By Rhiannon Hoyle
SYDNEY--Iron-ore shipments from Australia's top producers have
settled in recent months after years of spirited growth,
buttressing market prices previously battered by fears of
oversupply.
Miners including Rio Tinto PLC and BHP Billiton Ltd. poured
billions of dollars into massive expansions of their Australian
mining operations as China's economy grew at breakneck speed,
demanding greater volumes of the steelmaking ingredient for
skyscrapers, bridges and other infrastructure.
Now, their shipments of the commodity are showing signs of
stabilizing as the miners complete those mega-expansions and turn
their focus to investment in other commodities, such as copper,
bauxite and oil. Steadying supplies are helping to support the
price of iron ore, which has climbed 35% since the start of the
year following a decade low.
On Thursday, Rio Tinto, the world's No. 2 iron-ore exporter,
said it shipped 80.9 million metric tons of iron ore from its
Australian mines in the three months through September, down 2%
from the previous quarter. It said it could ship slightly less ore
than anticipated in 2016, changing its projection to 325
million-330 million tons from roughly 330 million tons earlier.
Separately, Fortescue Metals Group Ltd. said its exports for the
same quarter were up just 1% on-quarter at 43.8 million tons.
A day earlier, BHP Billiton also reported a small 1% lift in
quarterly sales, to 65.4 million tons.
BHP is the world's third-biggest exporter of iron ore, while
Fortescue is the fourth largest. Brazil's Vale SA is the No. 1
supplier.
Shipments from Australia's top miners had been on a steady
upward run.
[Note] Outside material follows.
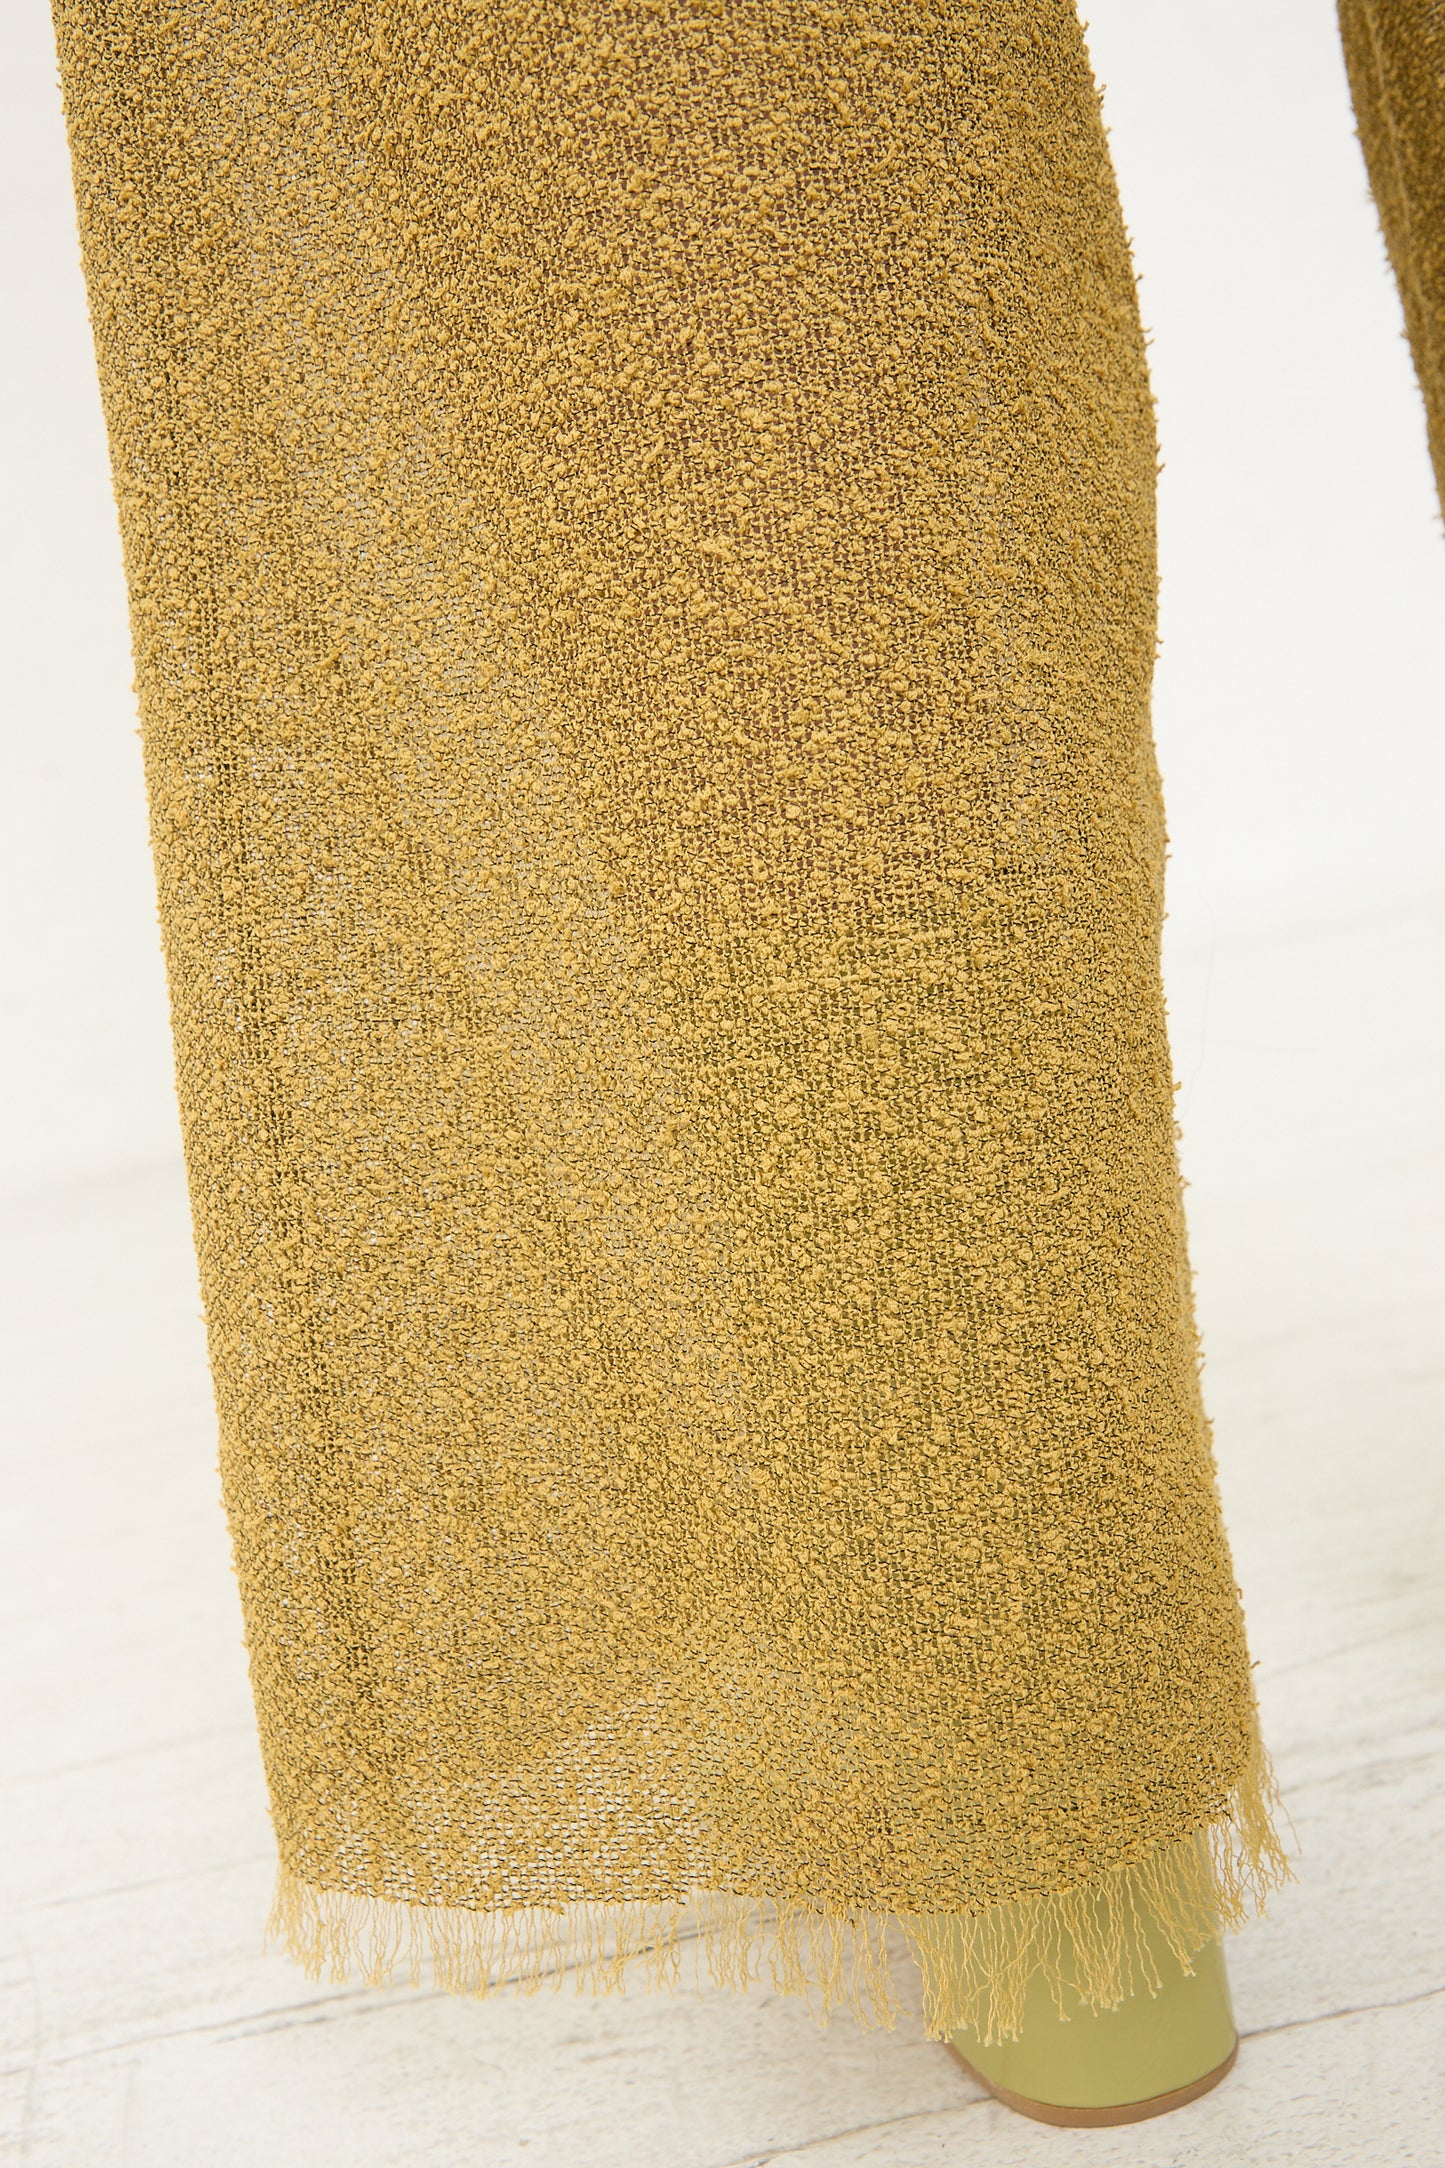 The back of a woman wearing Veronique Leroy's Tweed Frayed Trouser in Cumin.

Between 2009 and 2015, Rio Tinto's shipments increased
by more than 50%.
Now, three in every five tons traded globally by sea come from
the country's remote Pilbara region, where Rio Tinto, BHP and
Fortescue run their operations.
"They have reached a position where they are comfortable,
without having to spend more dough," said James Wilson, a
Perth-based analyst at Argonaut Securities.
At the same time, China's own output of iron ore is slowing,
sparking greater demand for foreign ore and keeping prices
underpinned. As the world's top steel producer, China is the
world's biggest consumer of iron ore.
Chinese imports of iron ore increased 8% in September,
continuing a rising trend as local output slackens because of high
costs and an antipollution clampdown.
Prices for coking coal, also used in steelmaking, have tripled
this year mainly because of restrictions on China's own production.
"It just shows you how quickly a price cycle can turn around," said
Mr. Wilson.
Iron ore's rise has been notably lesser, but is still providing
relief to producers.
"The rally in the spot iron-ore price since the low base set in
December 2015 coupled with cost cutting among some of the
producers, has given the market some respite," Citigroup analysts
said in an Oct. 16 note. The price fell as low as US$37 a ton in
mid-December, the cheapest in a decade. It now trades around US$58
a ton.
"The market continues to debate whether this relief is temporary
or more permanent in nature," they said.
Some fear another wave of supply to come, as Vale ramps up a
massive new mine known as S11D in the Brazilian Amazon, while in
Australia, exports rise because of the new Roy Hill mine built by
businesswoman Gina Rinehart.
Citi forecasts another retreat in prices to an average of US$45
a ton next year.
But Fortescue Chief Executive Nev Power said he doesn't expect
those new projects to weigh on prices.
"I think the market has well and truly priced [in] Roy Hill and
S11D tons coming into the market," Mr. Power said. Although, "if we
see any undershoot in supply, we would expect to see the price
respond to that," he added.
Mr. Power said demand for iron ore remained robust in China
because of a hot property market and investment in infrastructure
projects. Investment in property development grew roughly 6% in the
January-to-September period, while investment in rail, road and
other infrastructure projects climbed 19%, official data show.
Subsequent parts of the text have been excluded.